Friday, June 18, 2010

The Art of Problem Solving

In The Art of Problem Solving, Russell Ackoff suggests problem solving is as much art as it is science. His art of problem solving involves 6 components:

1. creativity
2. constraints
3. Objectives
4. Controllable Variables
5. Uncontrollable Variables
6. Relations

The problem itself contains most of these components. The decision maker or problem solver who possesses the creativity, and sometimes the constraints. The controllable and uncontrollable variables associated with the problem. And the possible outcomes.

This book is divided into two parts. The first part explains The Art. Ackoff includes 35 stories in the first part which he refers to as "Ackoff's Fables." Each story is intended to illustrate the author is trying to make. Each comes with it's own accompanying "moral" of the story, just like the more familiar Aesop's Fables. Unlike Aesop's Fables, Ackoff's Fables are often true stories. Because after all, truth is stranger, or at least more illustrative than fiction.

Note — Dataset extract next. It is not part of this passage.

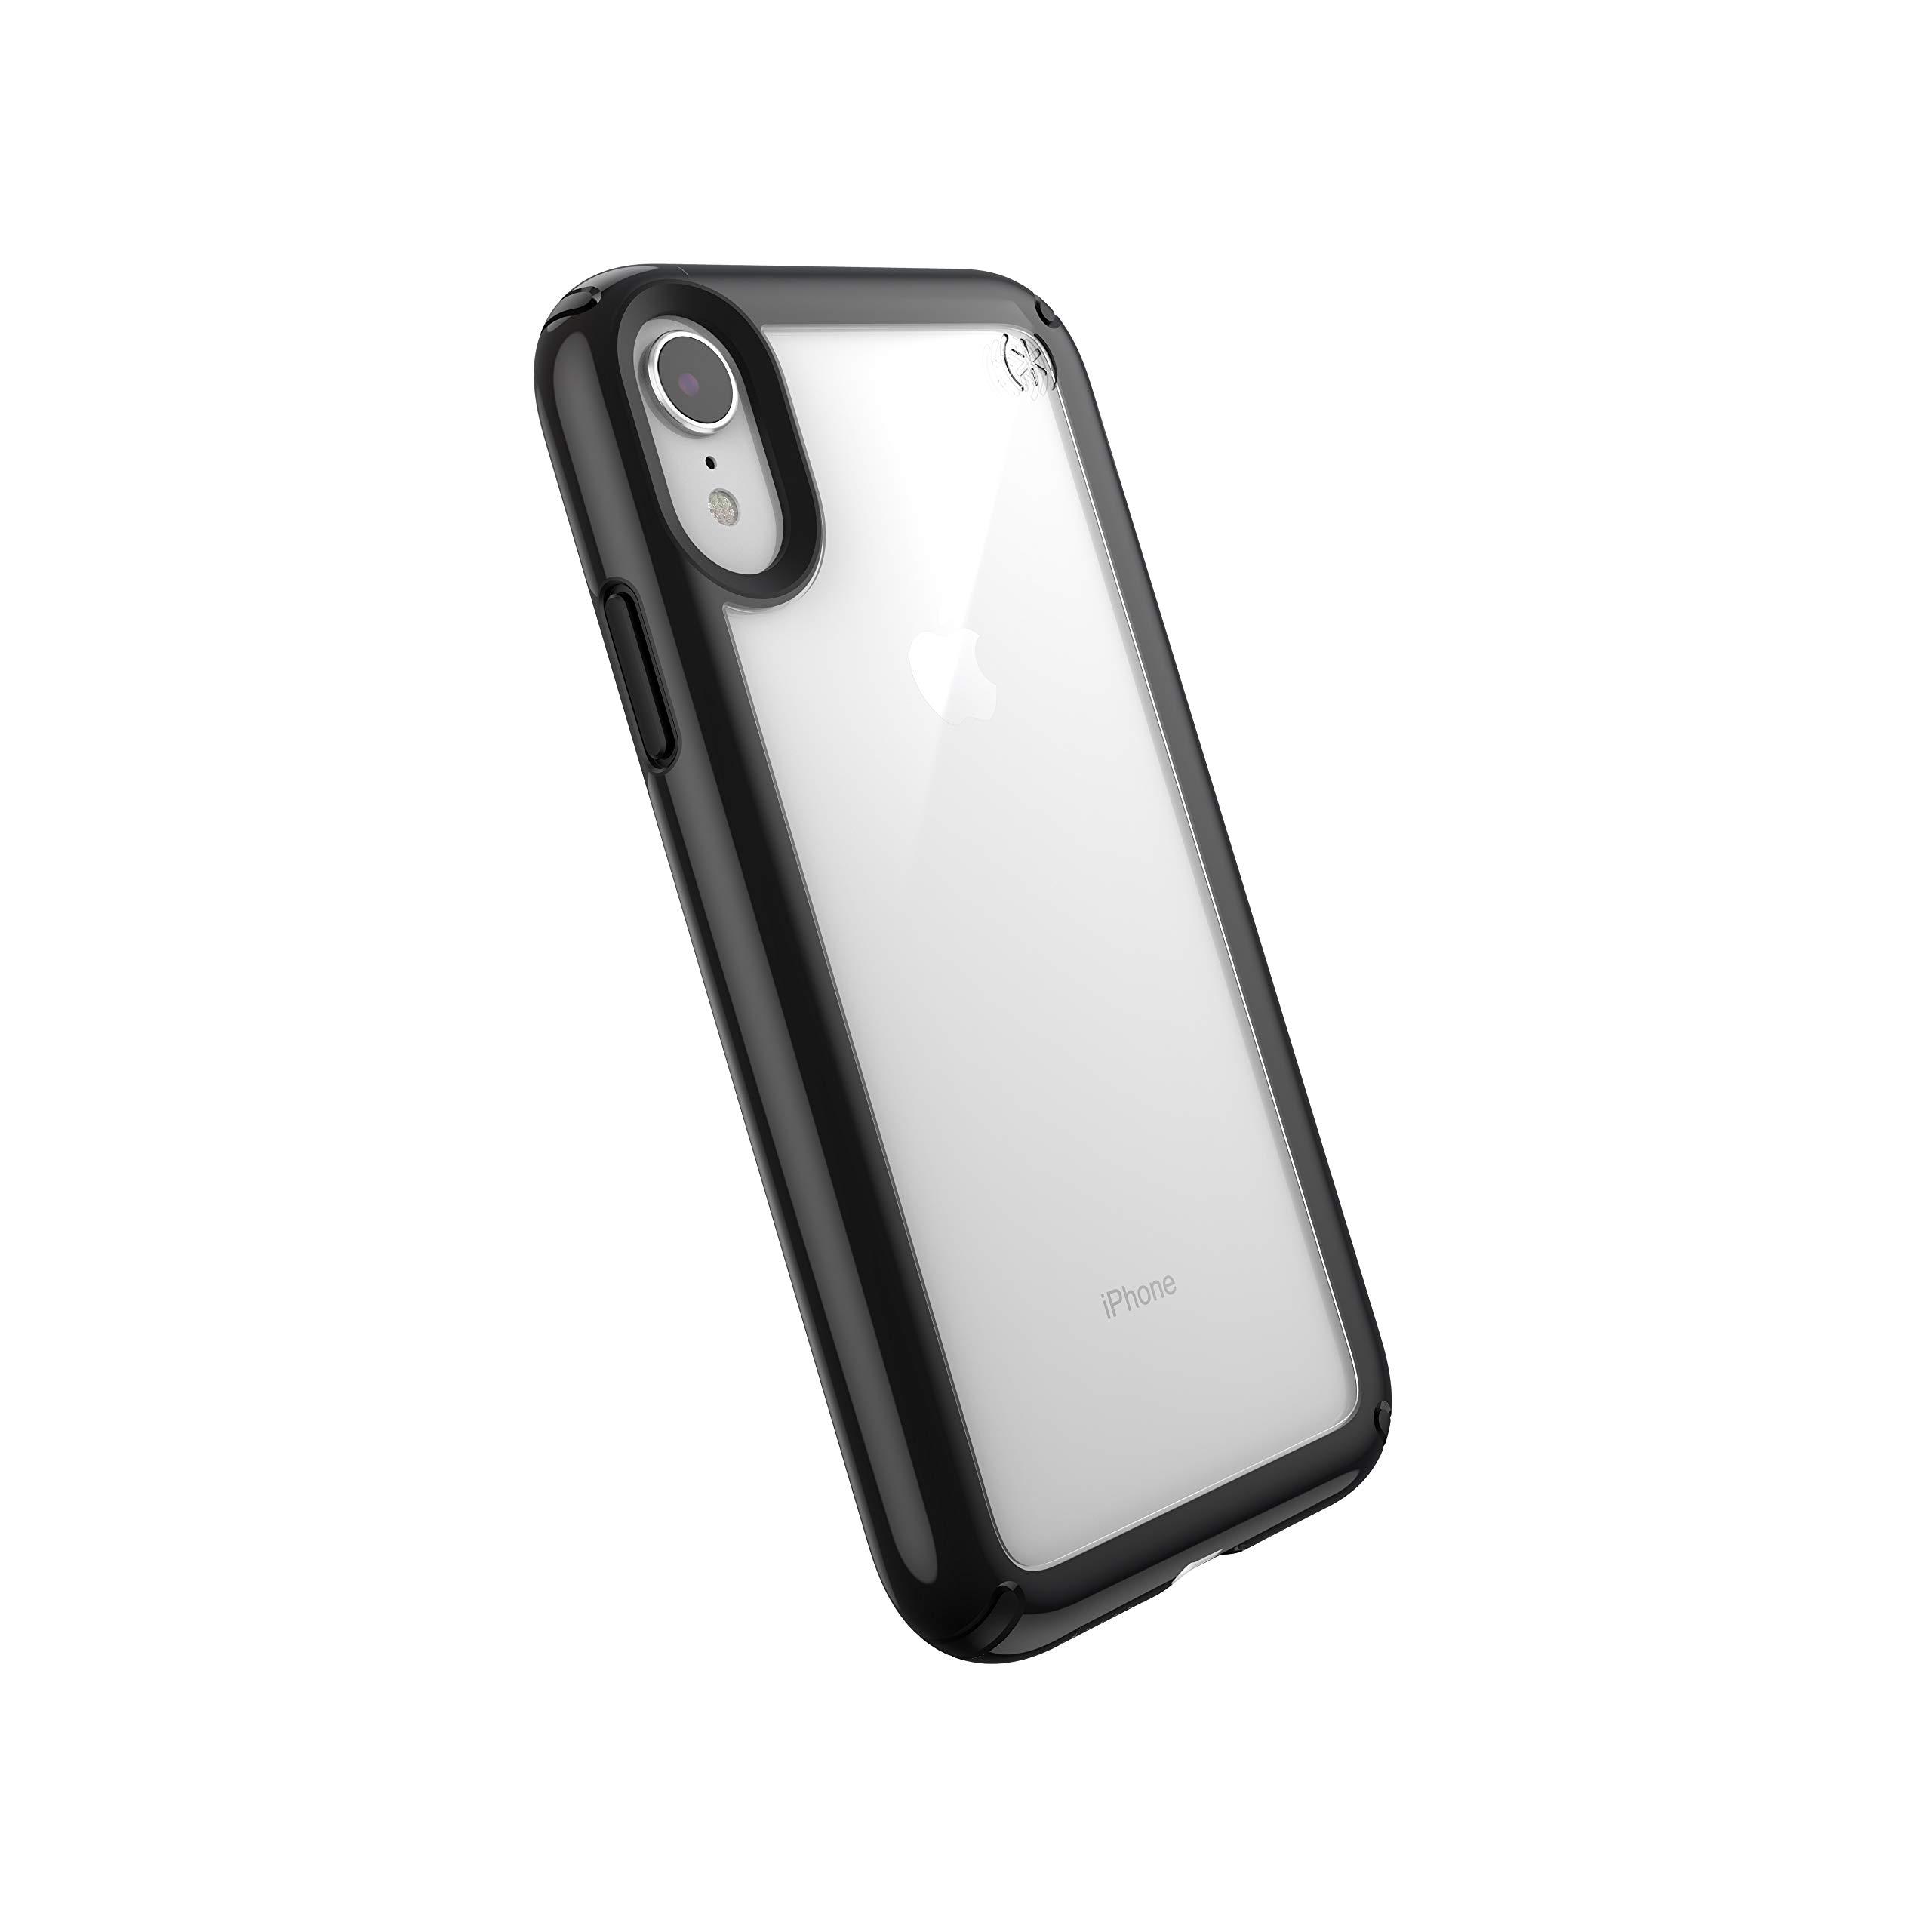 Funda Para iPhone Xr Speck (7gsrx1xf)

These fables are similar to the story of the factory worker who went home each night pushing a wheelbarrow full of trash. Company guards became suspicious. They thoroughly inspected the trash several times, but could find nothing of value in it. Much later it was discovered the worker had been stealing wheelbarrows. Ackoff's fables are equally enlightening.

The book is worth the price just to get access to the stories. By showing the problem solver how creativity and the removal of constraints have been applied in other situations, Ackoff provides the reader with "lenses" for viewing the problems they encounter. Or at the very least, the reader is challenged to believe there are new and exciting ways to address the problems they are dealing with.

The second part of The Art of Problem Solving: Accompanied by Ackoff's Fables discusses Applications of the principles discussed in the first part. Here Ackoff presents six real-life problems he has been involved in helping to solve. They come complete with all the "messiness" of real life which is marginalized in the fables he presents in the first half of the book.

His stories come from across several industries, including: transportation, manufacturing, government, advertising, and food and beverage.

Ackoff concludes with a chapter on monitoring the problem solution to make sure:
(1) the problem stays solved, and
(2) any new problems created by the solution are being addressed.

It seems a forgone conclusion that the solution to any existing problem will create new and exciting problems and opportunities!